Initial Comments:
This report is the result of a State licensure survey completed on July 25, 2024, at The Children's Hospital of Philadelphia Brandywine Valley Specialty Care and Surgery Center. It was determined the facility was not in compliance with the requirements of the Pennsylvania Department of Health's Rules and Regulations for Ambulatory Care Facilities, Annex A, Title 28, Part IV, Subparts A and F, Chapters 551-573, November 1999.
Plan of Correction:
567.42 (a) LICENSURE Policies and Procedures Name - Component - 00 567.42 Policies and procedures
(a) A schedule of preventive maintenance shall be developed for the physical plant, biomedical and all other equipment.
Observations:
Based on review of facility documents, observation and interview with staff (EMP), it was determined the facility failed to ensure the developed schedule of preventive maintenance was followed for all equipment.
Findings include:
Review of facility policy "Medical Equipment Management Program," effective 1/1/2024, revealed "... EQUIPMENT PREVENTIVE MAINTENANCE/ INSPECTION INTERVALS The hospital identifies the activities and associated frequencies in writing for maintaining, inspecting, and testing all medical equipment on the inventory. These activities and associated frequencies are in accordance with manufacturer's recommendations or with strategies of an alternative equipment maintenance (AEM) program. Note1: The strategies of an AEM program must not reduce the safety of equipment and must be based on accepted standards of practice, such as the American National Standards Institute/Association for the Advancement of Medical Instrumentation handbook ANSI/AAMI EQ56:2013, Recommended Practice for a Medical Equipment Management Program. Note2: Medical equipment with activities and associated frequencies in accordance with manufacturers' recommendations must have a 100% completion rate. Note3: Scheduled maintenance activities for both high-risk and non-high risk medical equipment in an alternative equipment maintenance (AEM) program inventory must have a 100% completion rate ..."

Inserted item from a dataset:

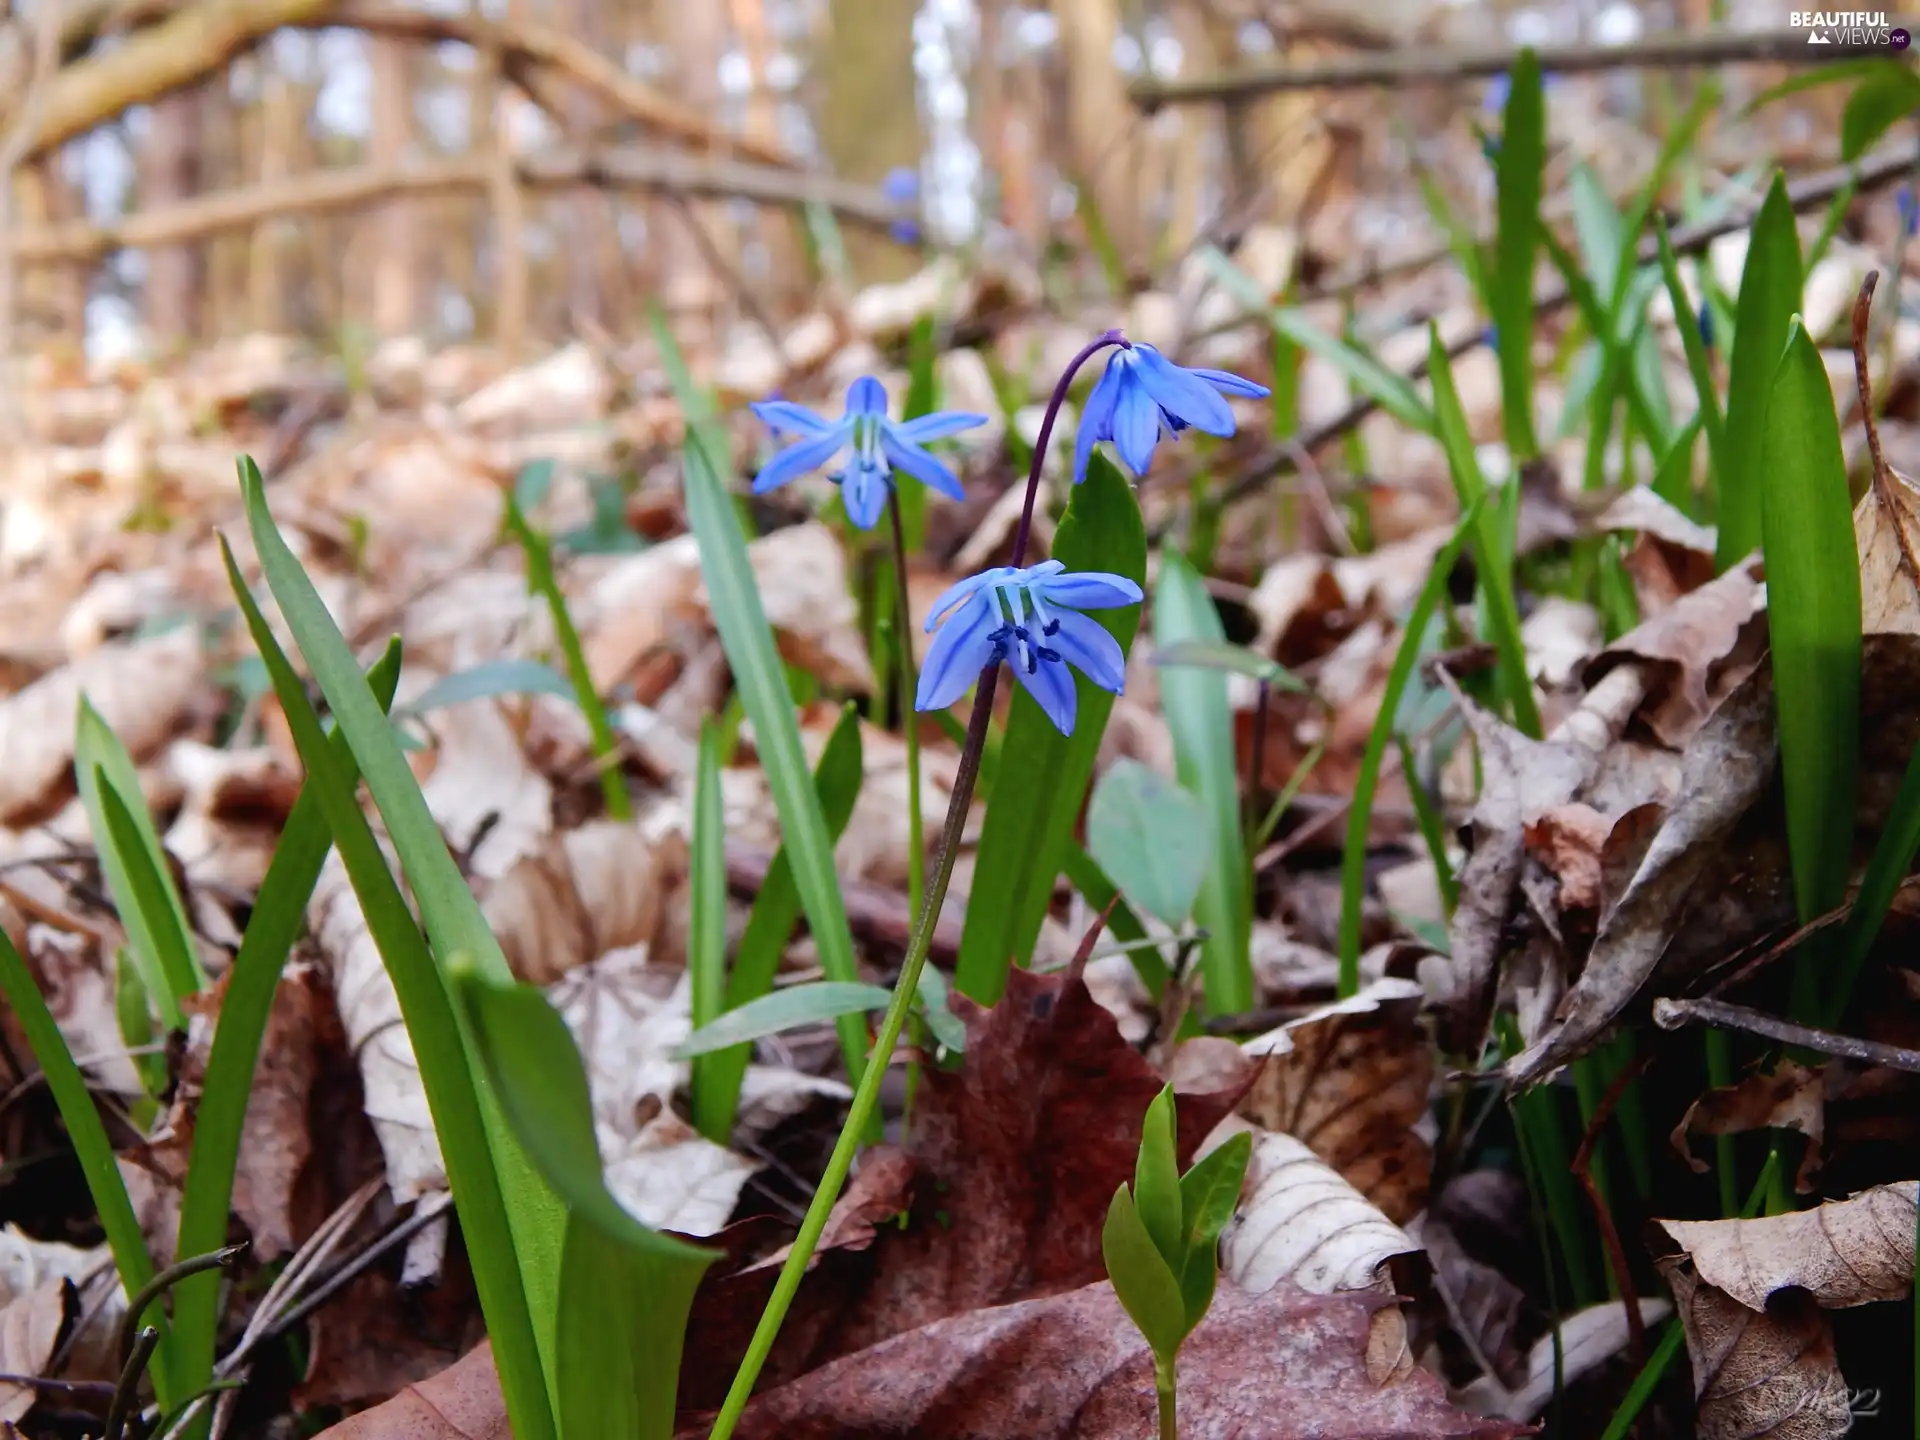 Leaf, Spring, Blue, Flowers, Siberian squill

Observation on July 24, 2024, revealed a Medtronics NIM Vital (nerve monitoring equipment) with an inspection sticker that was past due for inspection in May 2024. Interview on July 24, 2024, at 1:15 PM, with EMP1 confirmed the above findings.
Plan of Correction:Immediately following the survey, Biomedical Engineering reviewed the Computerized Maintenance Management System (CMMS) to identify when the last preventive maintenance was conducted on the Medtronics NIM Vital equipment. It was identified that there was a technical issue surrounding the data migration when the Biomedical department transitioned from one CMMS to another in August 2023. This identified piece of equipment did not have an assigned maintenance schedule so therefore did not automatically generate a work order within the month it was due for maintenance. On 7/25/24 the Medtronics NIM Vital was inspected and the preventative maintenance record was populated. No issues were identified with the equipment. The piece of equipment was immediately associated with a maintenance definition upon discovery.

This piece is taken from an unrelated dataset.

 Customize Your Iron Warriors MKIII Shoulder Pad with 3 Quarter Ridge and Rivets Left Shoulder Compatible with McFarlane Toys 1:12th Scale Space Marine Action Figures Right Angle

Policy review: The policy, Medical Equipment Management Program, was reviewed, and revisions were made to list out CHOP's ambulatory surgical centers individually within the document.
Staff education: All Biomed staff will be re-educated to report any device without an automated work order and requires preventative maintenance. There is an active request form to request any change in maintenance scheduling. Staff education will be conducted through both a department and leadership meeting, with detailed meeting minutes recorded for reference. Attendance will be tracked to ensure all relevant personnel are present. A follow-up email will be sent to all staff for each meeting to ensure those who are unable to attend are informed.
CMMS Audit: The Clinical Engineering team will conduct an internal review of the medical device database to confirm all devices that require preventative maintenance are actively linked to a maintenance schedule. Data will be analyzed and compared to the prior CMMS if needed.
CMMS Control Measures: With the transition to the new CMMS, controls have previously been implemented to ensure all new devices onboarded trigger a task to be automatically generated. This task is to confirm the device is part of a maintenance schedule if required. The Clinical Engineering team will continue to look at additional enhancement measures which could be implemented to prevent any human or technical error which may result in such a finding.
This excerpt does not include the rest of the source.